Two agencies fell for the scam: the Industrial Development Company, which sent more than $2.6 million, and the island's tourism company, which sent $1.5 million. The money apparently went to fraudulent accounts in the mainland U.S.
No other government agencies have reported a loss because of the scam, but it's thought that the hacker targeted more than $4 million in government funds.
But an official who was not authorized to comment on the case and requested anonymity said authorities were able to freeze at least $2.9 million.
The FBI is investigating.
Puerto Rico's agencies are just the latest government entities to have been targeted by internet crimes. In January, federal agents said several people were part of a scheme to steal money from the Sumter County School Board. Elsewhere, a phishing scam targeted the city of Ocala. The city admitted in October that it had been victimized, losing $700,000. Most of the money was eventually recovered. And in December, the FBI issued a warning regarding a wave of ransomware attacks that netted millions of dollars from Florida cities in 2019.

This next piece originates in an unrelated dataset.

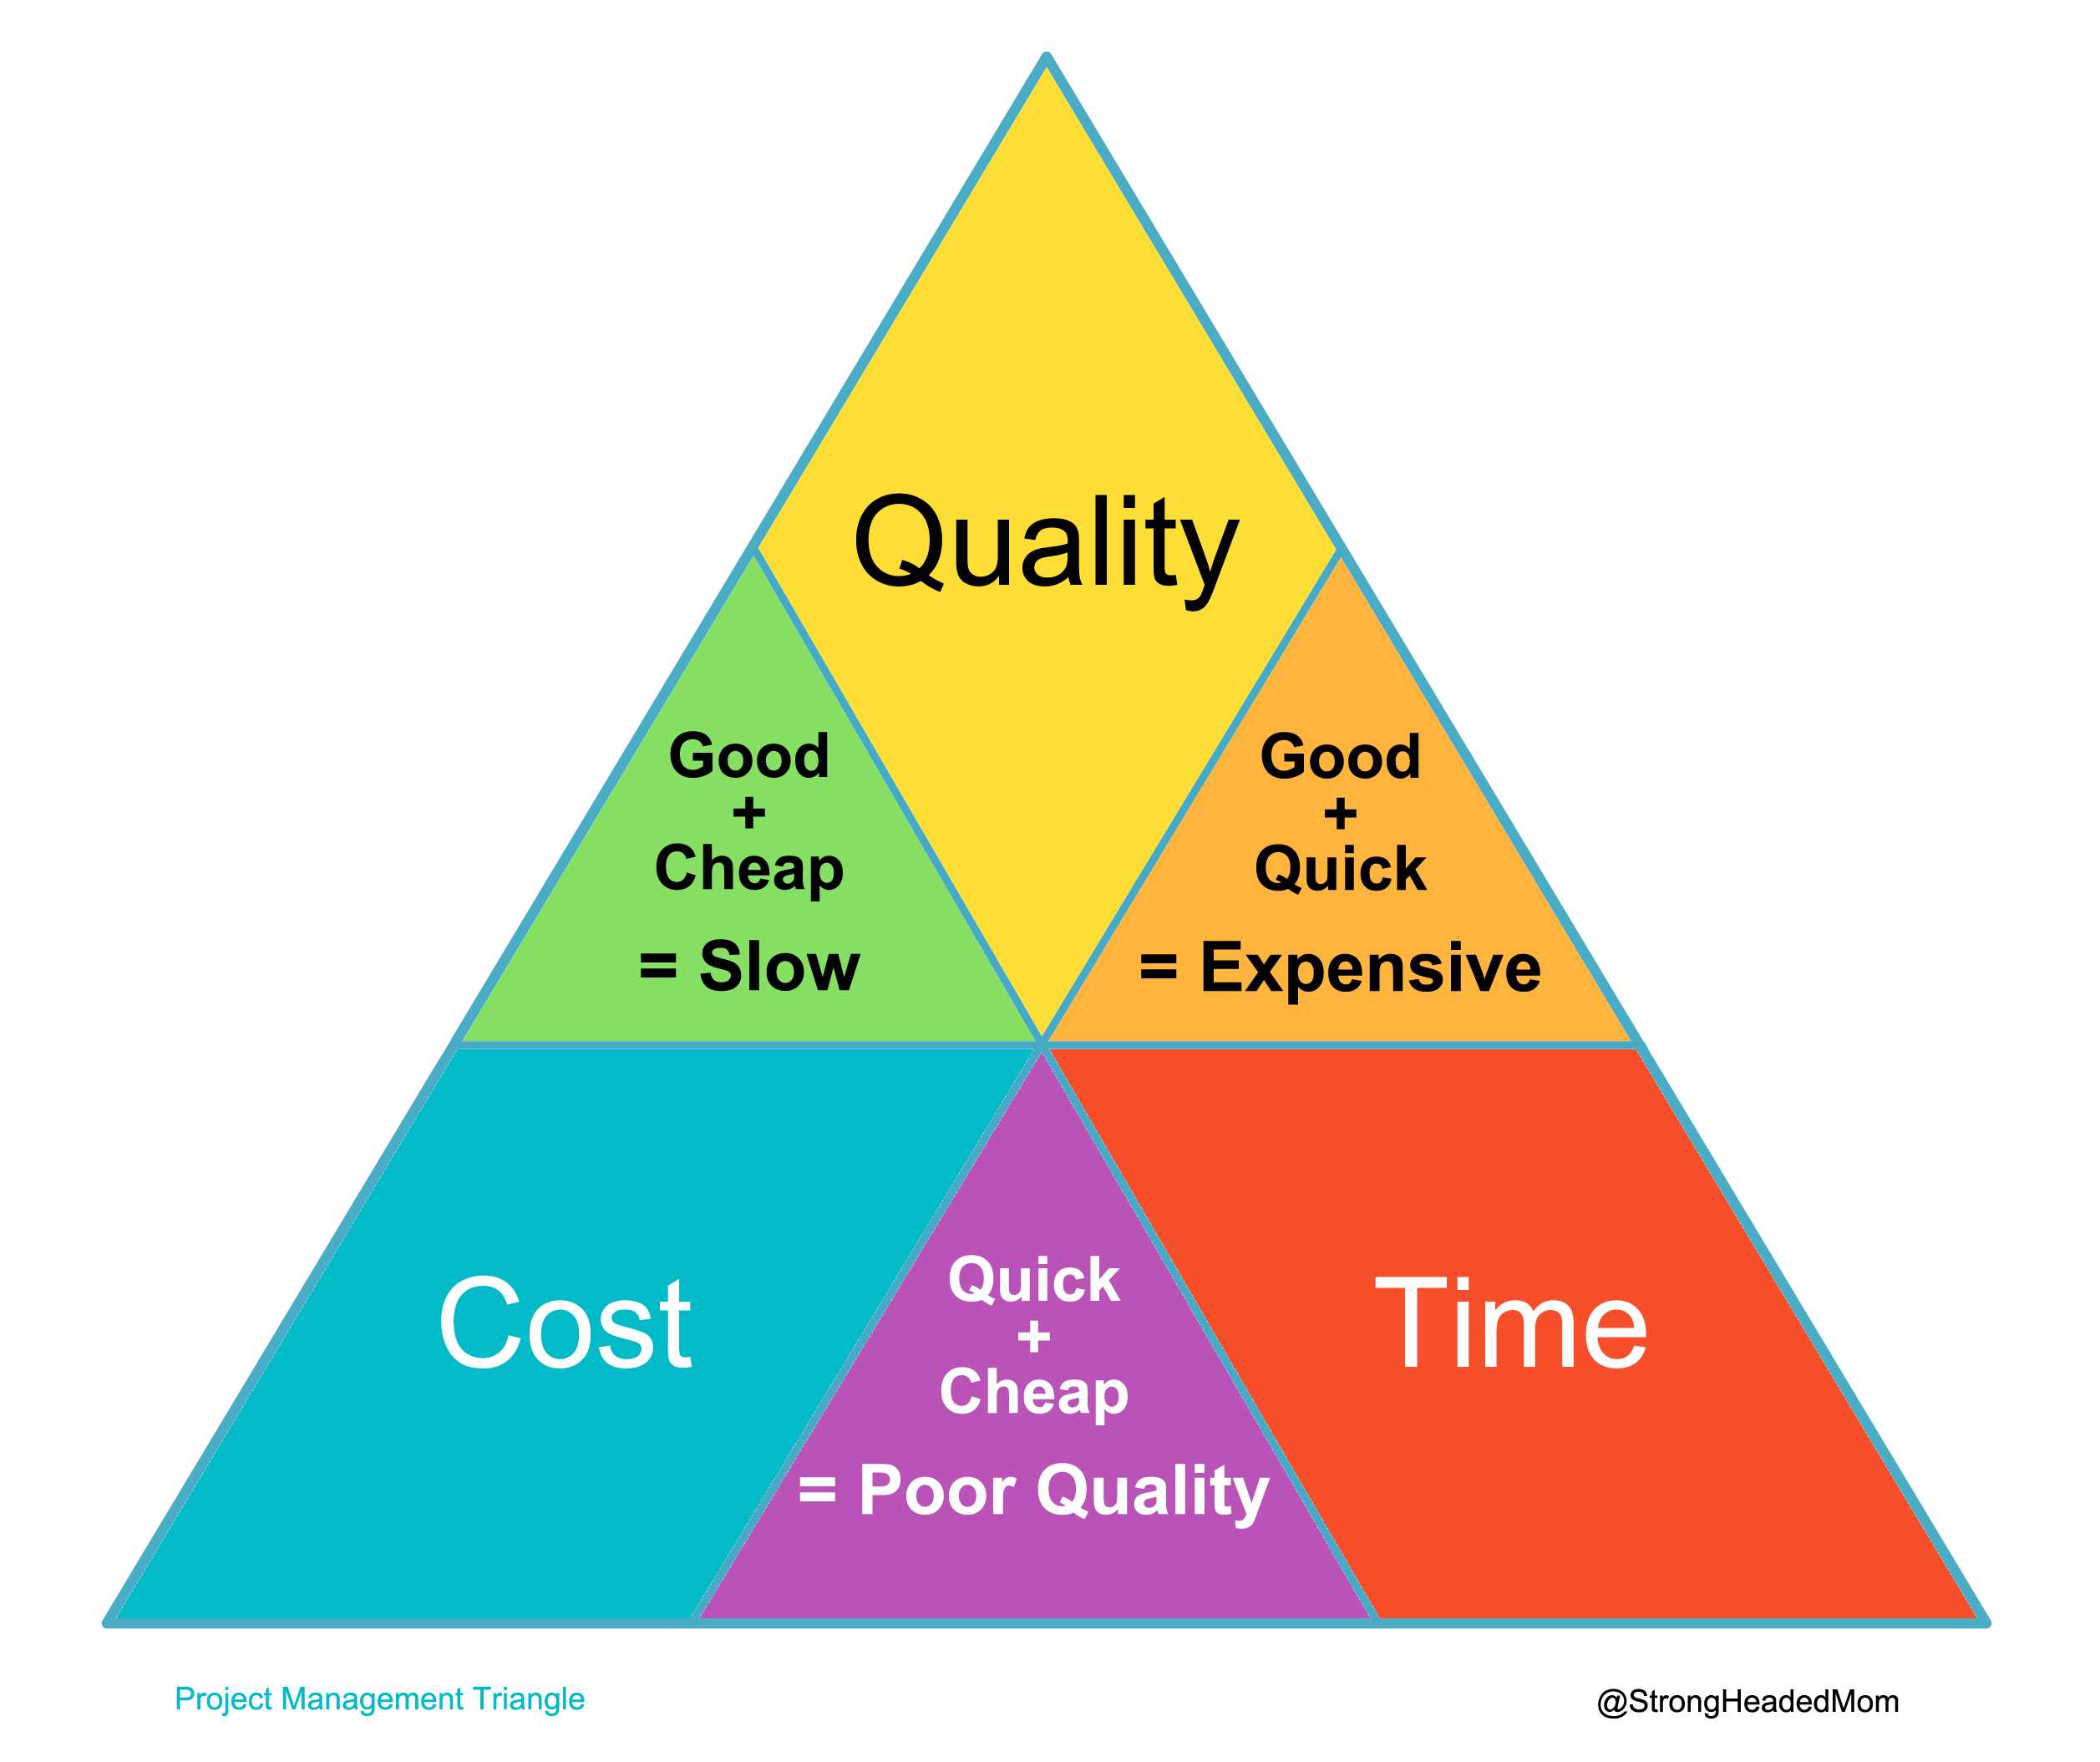 做项目管理的都知道项目管理三角形(project management triangle)

Carlos Perez, the principal at Perez Technology Group, a managed IT firm in Orlando, tells Spectrum News that scammers target government municpalitites because some have out-of-date security system which puts valuable information at risk.

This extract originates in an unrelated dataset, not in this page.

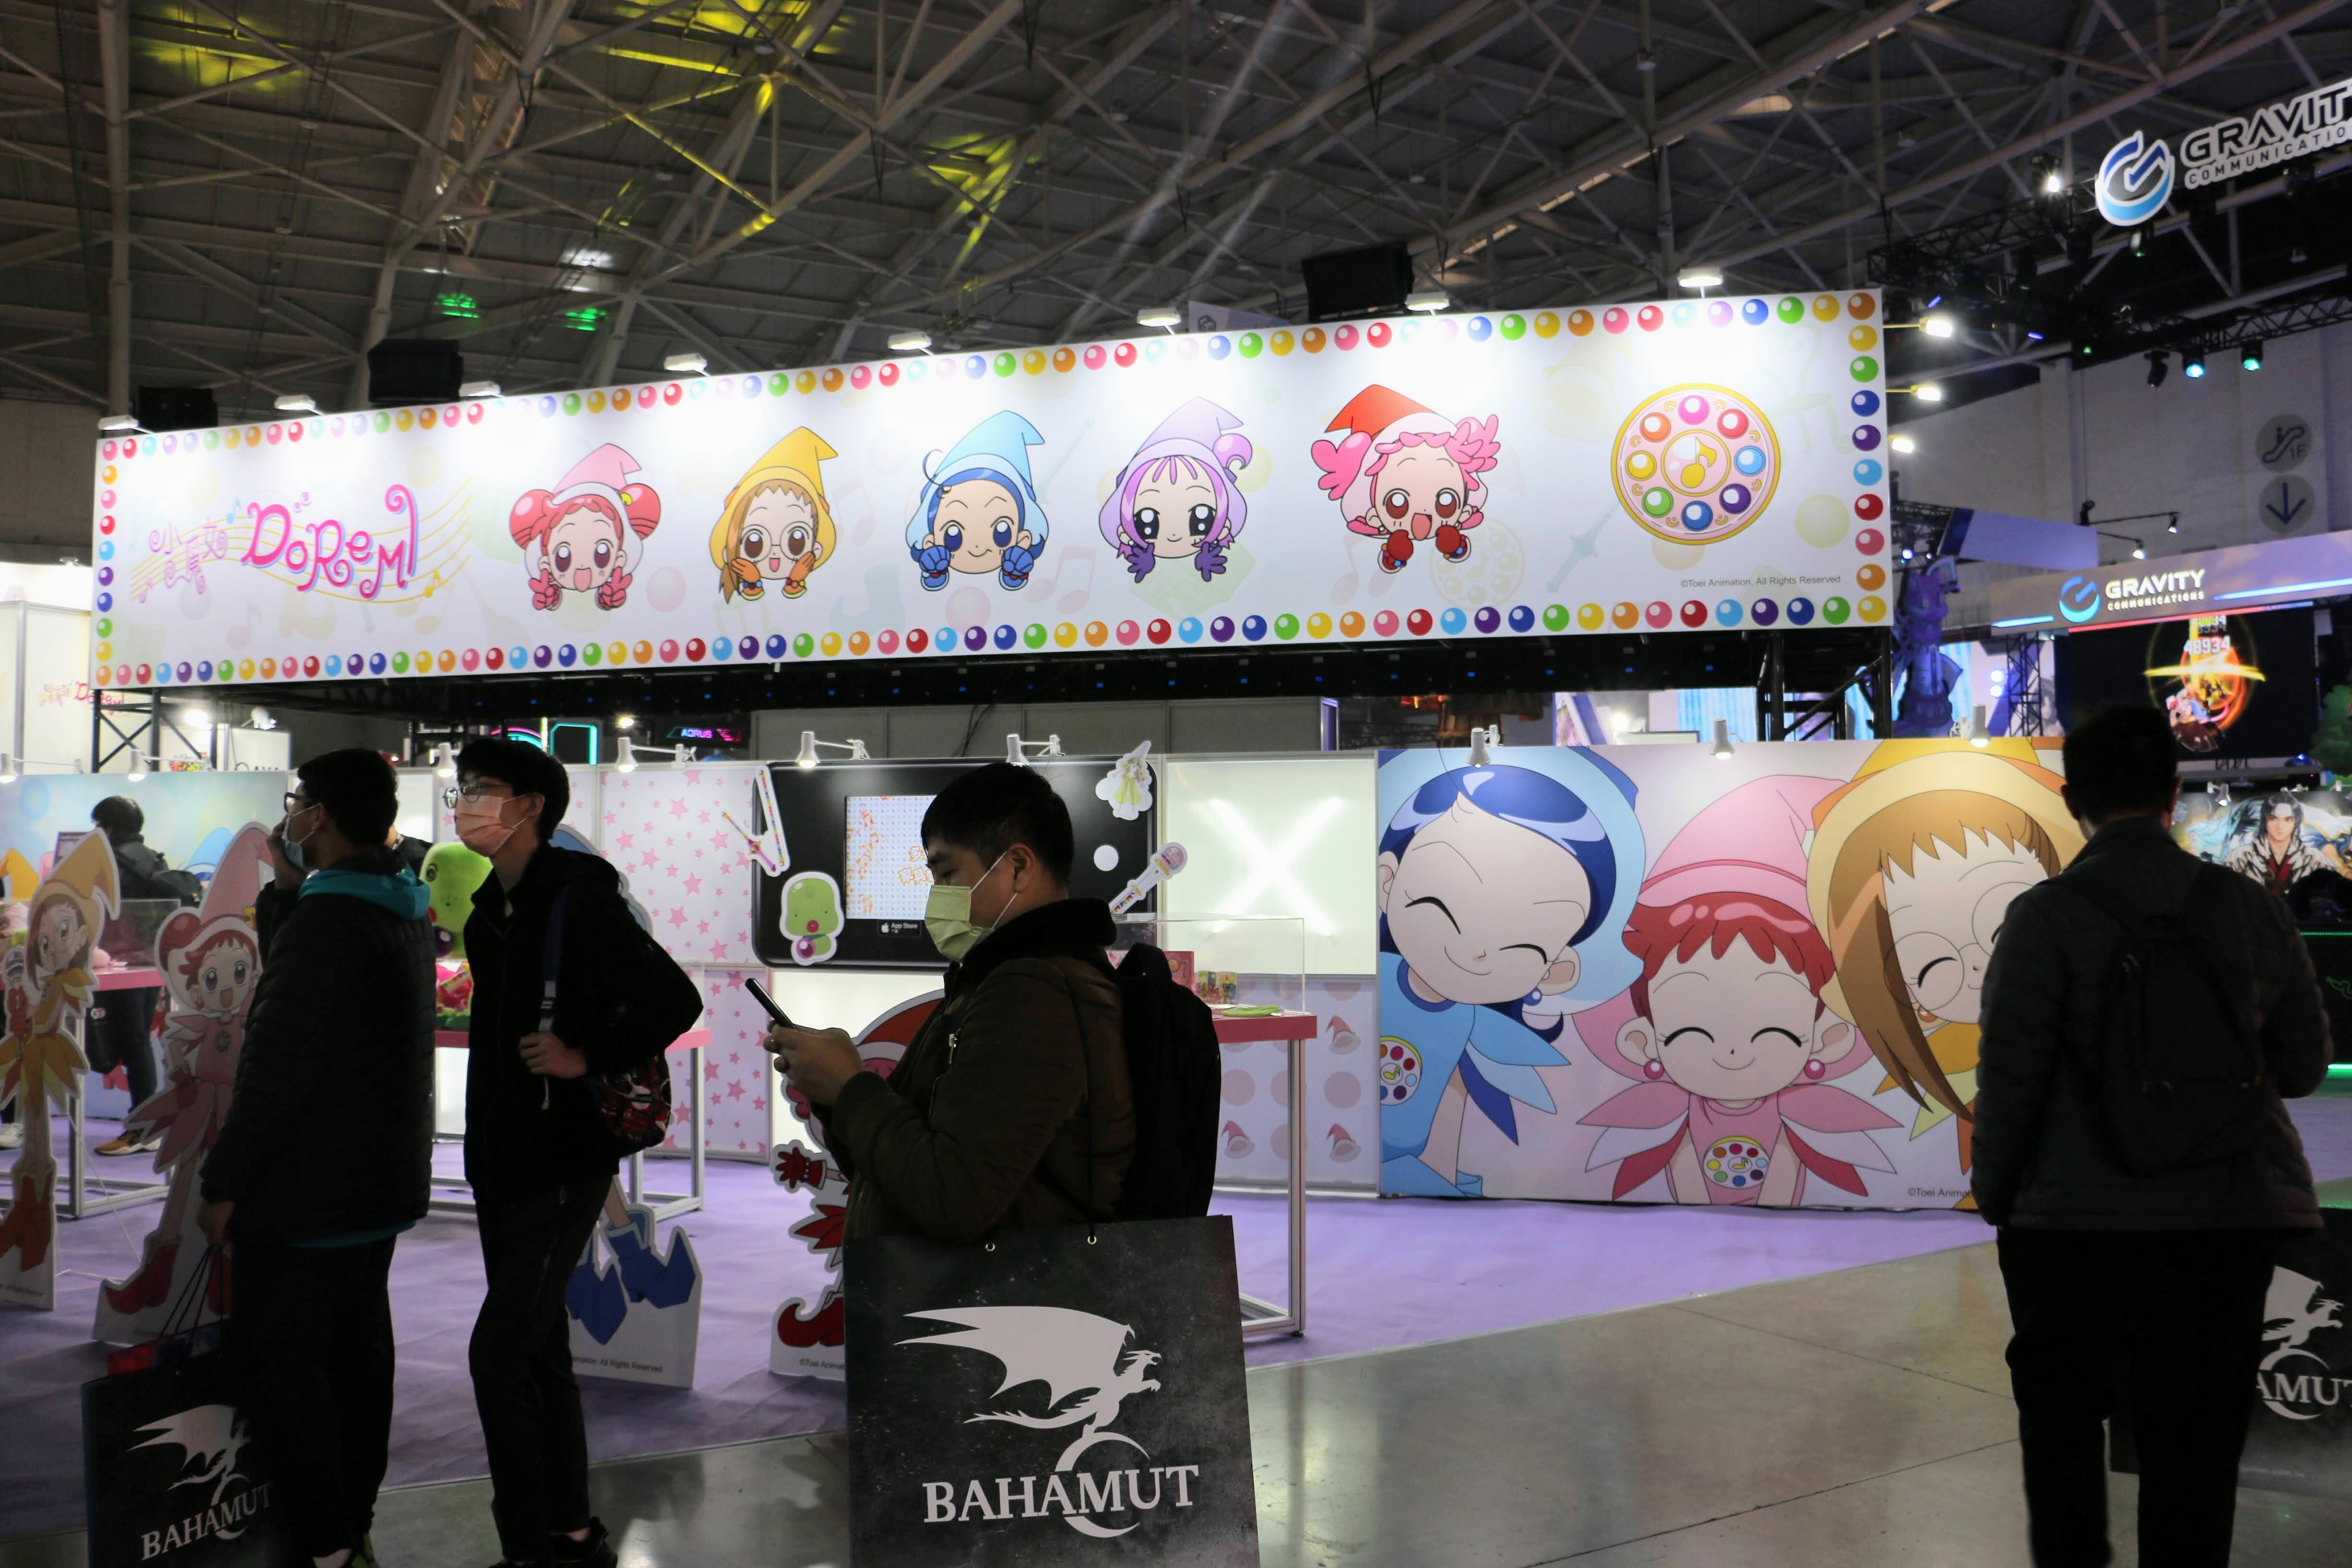 《小魔女 DoReMi》手机新作于台北电玩展首次亮相 释出开发中游戏画面插图2

"We’ve seen those places attack places like Ocala, Riviera Beach, and in those cases, those organizations had their systems completely locked down and held for ransom," Perez said. Government entities tend to be on tighter technology budgets, so they tend to not have the resources in many cases that a large corporation would have," Perez said.
"You will see them having technology that’s no longer supported by the manufacturers. If the manufacturers are no longer providing support and updating these systems frequently and those updates are not available, then these municipalities and these organizations are at risk from one day to the next."
Perez said businesses should be proactive, not reactive, meaning they should train employees and invest more in cybersecurity because in most cases, it's more expensive to repair the damage scammers cause than prevent it from happening.
Perez recommends these steps to not fall victim to hacking:
- Use two-way authentication to prevent hacking — a simple password is not enough security.
- Do not click on any links attached to suspicious emails.
- Double check to make sure the email is actually from the sender. Hackers sometimes send emails from people you may know.
- Always be suspicious of any message that requests money.